David Beattenbough, LiuGong - Vice President Research & Development

 

 

 

“Mr McCullough, there’s no denying that these are tough times for everyone involved with the construction and related industries – some say the toughest ever. In order to survive, companies have had to look deep into their structures, markets and the very ethos of their heritage and make some very hard decisions. It could be argued that being part of a large multifaceted organization offers greater protection, but is also harder to implement change as every division, understandably, fights for its corner. CNH has both construction and agricultural divisions and is also part of the Fiat Group.
    How is CNH coping with the current situation? What steps have been taken to reduce costs while enabling progress? And how different will CNH be as the global markets emerge from the recession?

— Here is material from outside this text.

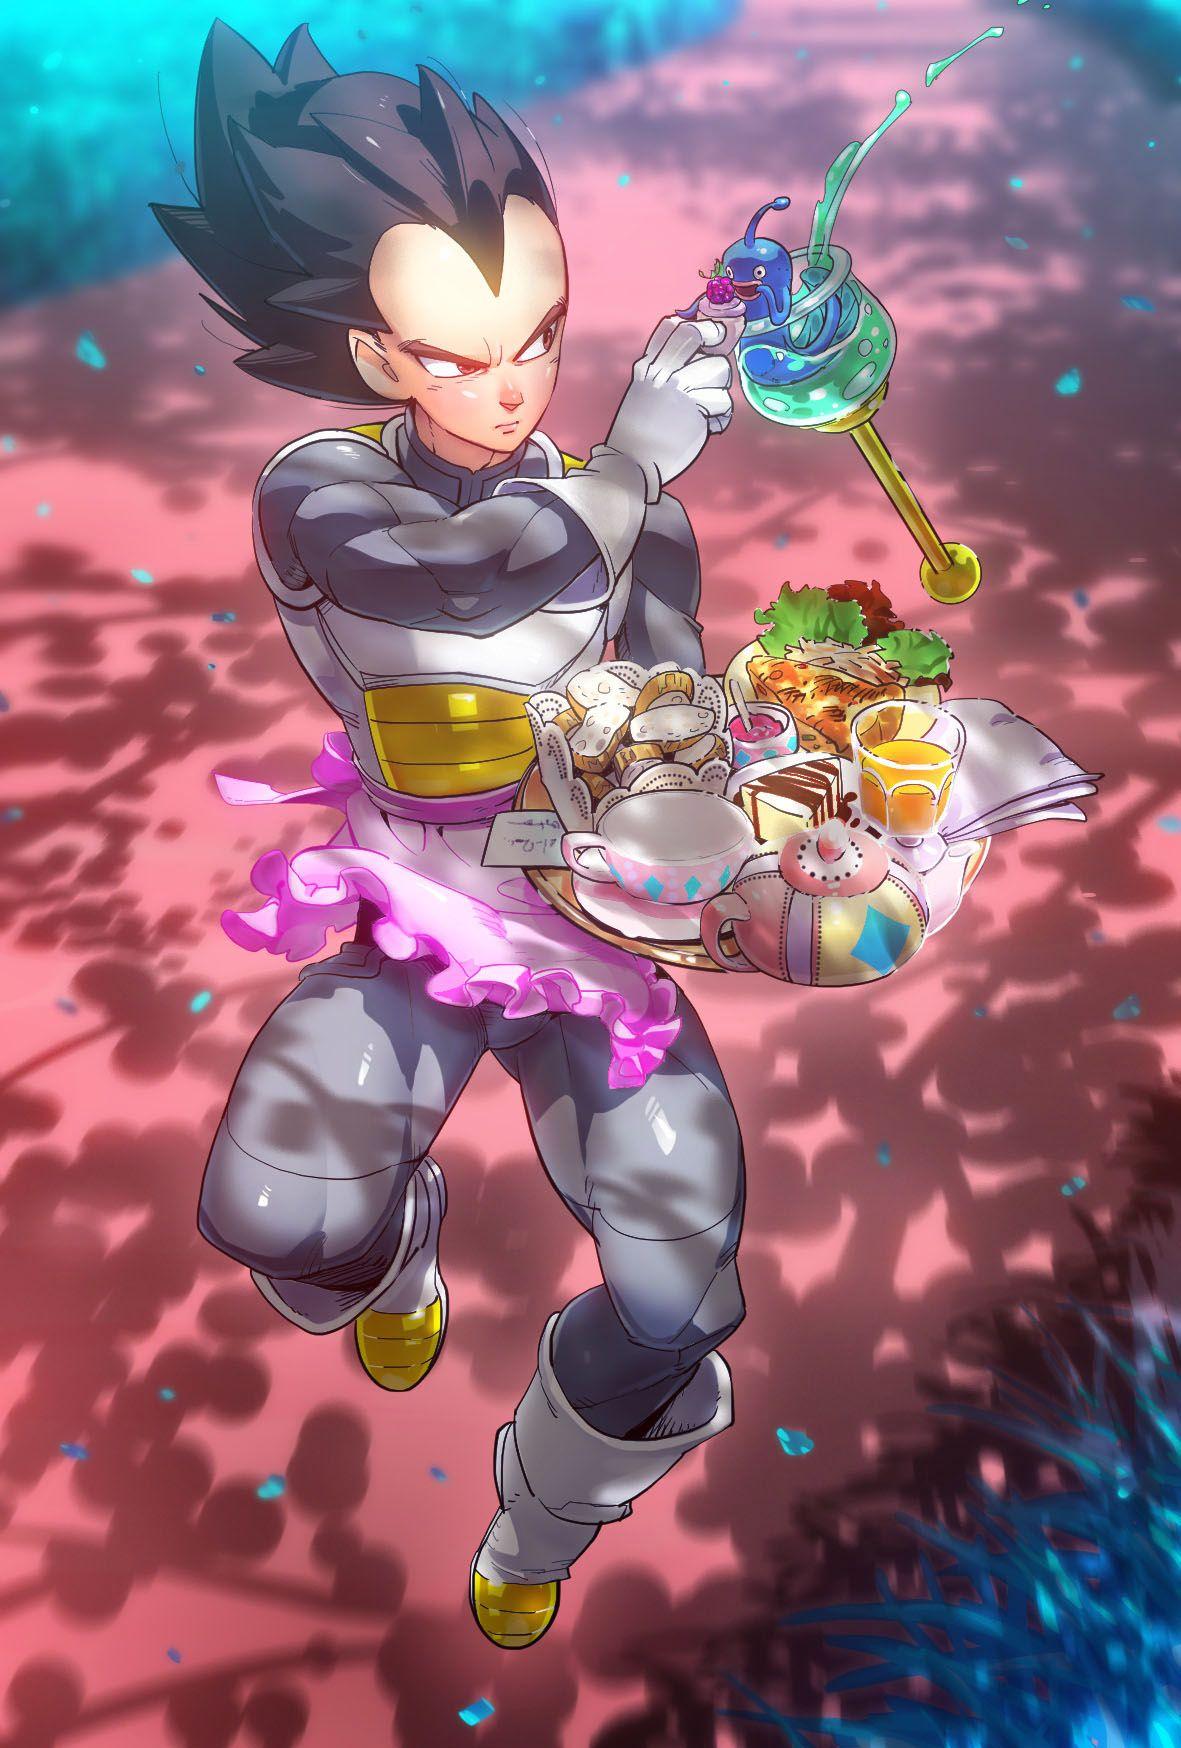 dragon ball super おしゃれまとめの人気アイデア pinterest anais mark ドラゴンボールz ドラゴンボール ドラゴンボール イラスト
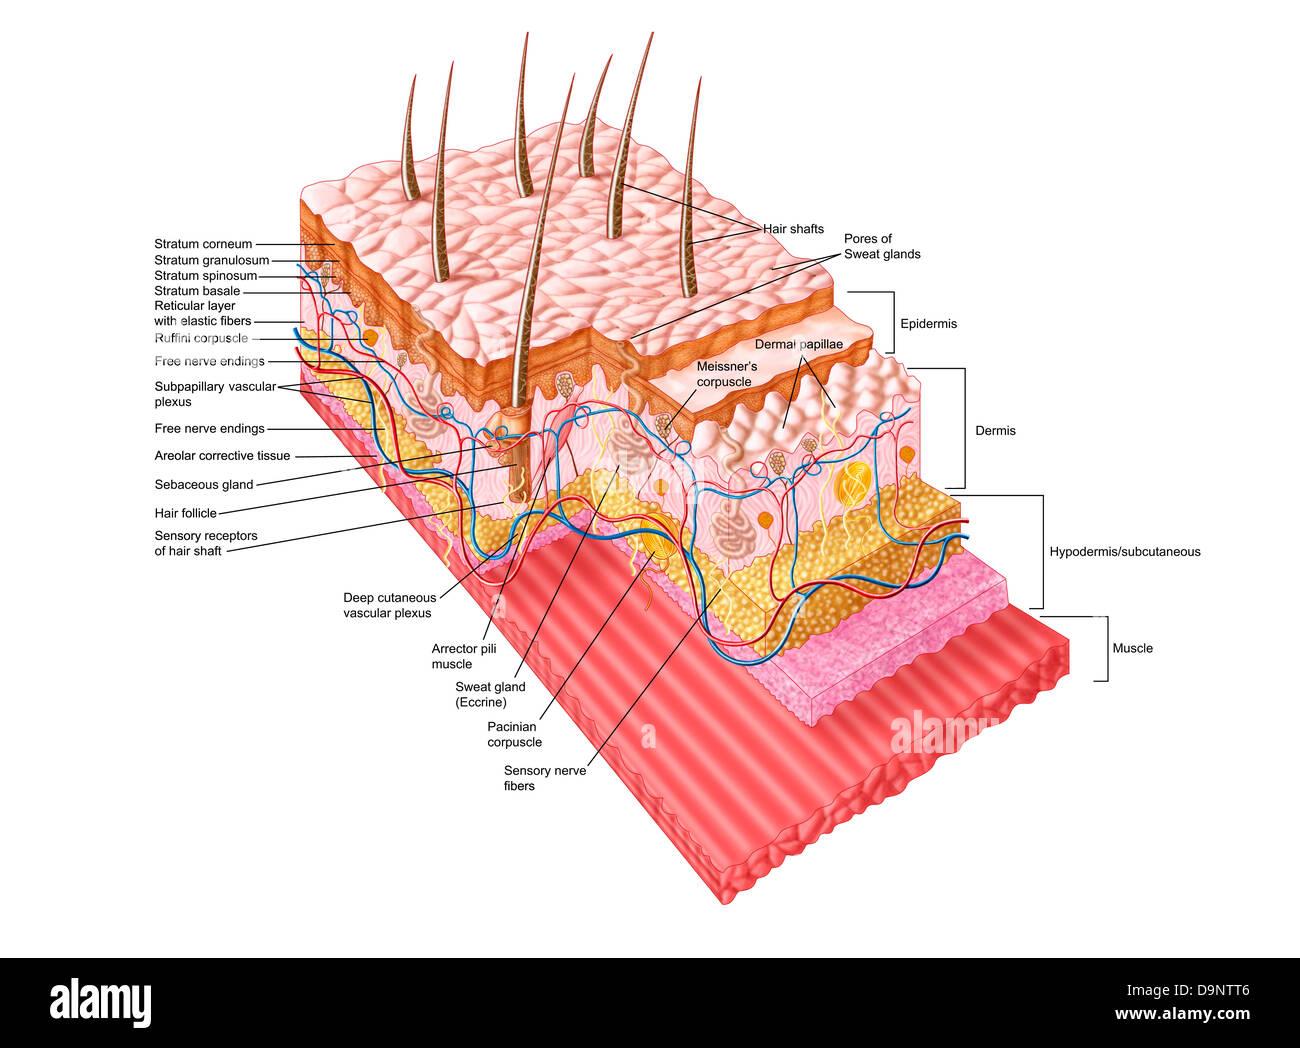 Anatomía de la piel humana Foto & Imagen De Stock: 57643494 - Alamy

“The recession in the construction equipment industry has been difficult for all manufacturers. Fortunately, CNH is a global manufacturer. As such we have had solid contributions continuing from Latin America and Asia Pacific. The North American market and European markets are just now beginning to improve. During this period, CNH has protected important strategic areas such as research and development investments. We have implemented cost reductions in many areas to control costs and reduce the break-even point.
    Our biggest concern throughout the recession has been the health of the distribution system. While we have had some challenges, overall we have been fortunate, with few losses. At the same time, all of us have felt the pain of markets off 50, 60 and even 70 percent, which seriously impacted revenues and drove losses.
    The good news from this period is that the construction equipment industry has an opportunity to rethink supply models. Inventories are now in relatively good shape, at lower levels and better turns than before the recession. Future distribution with discipline could save a lot of money for manufacturers and dealers, if done correctly. This ultimately benefits the contractors who buy the equipment.
    The agricultural industry held strong during this period and CNH benefited as a result.”

RL: “ I’ve often said that the construction industry is the first to feel the effects of a recession but also the driving force that brings economies out of recession. Governments around the world initially put the brakes on virtually everything but then came up with various initiatives to stimulate growth. In the USA, President Obama has implemented the long awaited highways bill but failed to renew expiring programs such as the federal surface transportation programs.
     The AEM, of which you are the Chair, said "Our members don't just make equipment, they make prosperity." Recently you made representations to the House Transportation and Infrastructure Committee. Specifically in the USA, what does the Government have to do and, looking further afield, what do governments around the world need to do? Are there any examples for others to follow?”

“Global investment in infrastructure is critical to the delivery of goods and services, and while some investment can come from the private sector, infrastructure is a shared resource with the potential to benefit entire populations. Countries that invest in infrastructure development will be more efficient and more competitive than those that don’t. They will be more prosperous for that investment than they would be otherwise.
     The impact of infrastructure investment touches a nation’s entire economy. Research cited by Association of Equipment Manufacturers (AEM) shows that every $1 billion invested in U.S. highways, bridges, water and transit infrastructure yields about 18,000 jobs. The investment in infrastructure yields savings, as well. Traffic congestion costs the United States economy $87 billion in wasted time and fuel.
     Earlier this year, the Chinese government approved a stimulus package in the range of US$550 million, and they have experienced a more rapid recovery than much of the world.
     Our future competitiveness as a nation is at risk without infrastructure investments and vision.”